“Canadian Zinc Corporation”….We do not have to tell you that today’s stock markets are quite inefficient and overlook numerous stocks that are exceptionally undervalued. We hear investors’ complaints constantly. As well, we should also mention that the North American brokerage industry’s greatest ability is finding and recommending specific stocks long after they are no longer undervalued and usually well after they have already had significant moves up in price. Brokerage houses also display an unmatched talent for continuing to recommend stocks long after excessive runs up in price near their price highs. That will never change.
Let’s take our “somewhat different type look” at a company that using rather rigorous valuation gauges is now selling at levels that if we are correct, would be considered as undervalued. Canadian Zinc Corporation, symbol CZN, is a Canadian junior exploration mining company based in British Columbia. Their major asset and our key valuation focus is their 100% owned Prairie Creek Mine located in the Northwest Territories. While the company is classified as an exploration junior, their 43-101 reserves and resources are in hand and are substantial. And yet, there is the potential to dramatically expand their zinc, lead and silver holdings with continued exploration. We see a strong likelihood of expansion of their already huge resources and reserves.
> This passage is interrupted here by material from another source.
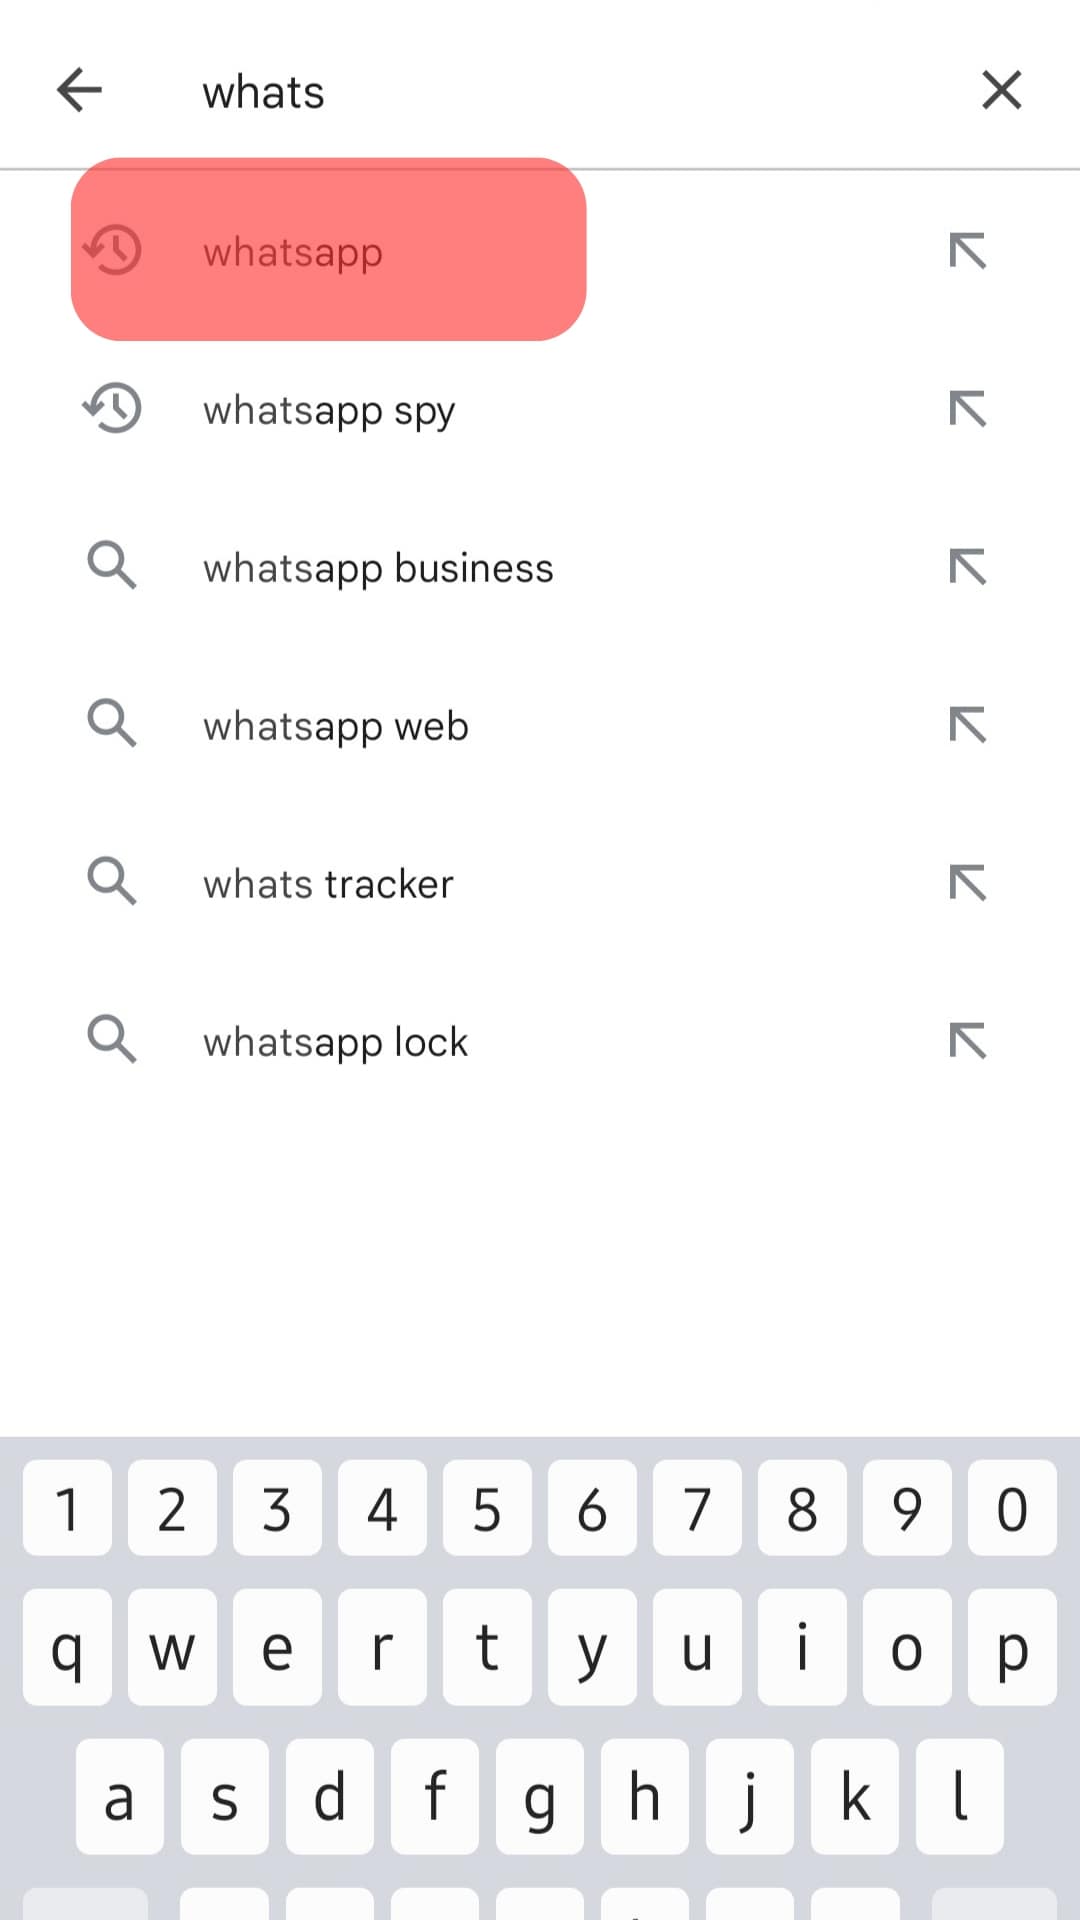 Search For Whatsapp In Playstore

A key point worth noting is the fact that the Prairie Creek Mine is already at a very advanced stage of development. Others have noticed Canadian Zinc as well. Sprott Asset Management owns approximately 12% of the shares and a Chinese institution owns 8%; we are not alone in our assessment of its exceptionally overlooked value.
Calculating Minds or Calculating Mines!
Canadian Zinc presently has 3,000,000,000 pounds of Zinc measured, indicated and inferred. To be conservative, we will use 10% of the 3 billion pounds for this calculation which would be 300,000,000 pounds. The price of Zinc today is .95 cents. For in-ground minerals there are different percentages that one can use. For today, we will use .10 cents per pound in the ground for 300 million pounds. It would give us a value of $30,000,000 for the Zinc. With 166,482,910 shares outstanding, it would give us a value of .18 cents per share in Zinc. Again, we allow for no consideration for expected expansion of reserves through continued exploration. And…
Canadian Zinc also has 2,500,000,000 pounds of Lead. Using 10% of their measured, indicated and inferred lead would be 250,000,000 pounds of lead. The price of lead today is .98 cents so to keep it simple, we will use .10 cents. That would give us a value of $25,000,000 which would be equal to .15 cents a share. And…
We will not consider their copper resources, but CZN has 70,000,000 ounces of silver. If we give the in ground silver a value of .50 cents per ounce that would give a value of $35,000,000 which comes to .21 cents per share in silver.
If we add up .21 cents for the silver, .15 cents for the lead and .18 cents for the zinc, it would give a value per share of .54 cents per share in bare bone assets. I know that it is rather subjective, as we are attempting to judge what should be a proper valuation gauge and until certain fundamental events occur, we are often groping for a method of determining valuation. Yes, it is always up to debate.
While there is no production as yet as Canadian Zinc Corporation awaits final approval to commence true production, it remains a speculative stock as is any exploration company. We cannot say when that expected approval will come. With CZN selling in the .65 cents range, in our estimation, it merits investor attention. The asset value per share is exceptional. We will be monitoring it closely.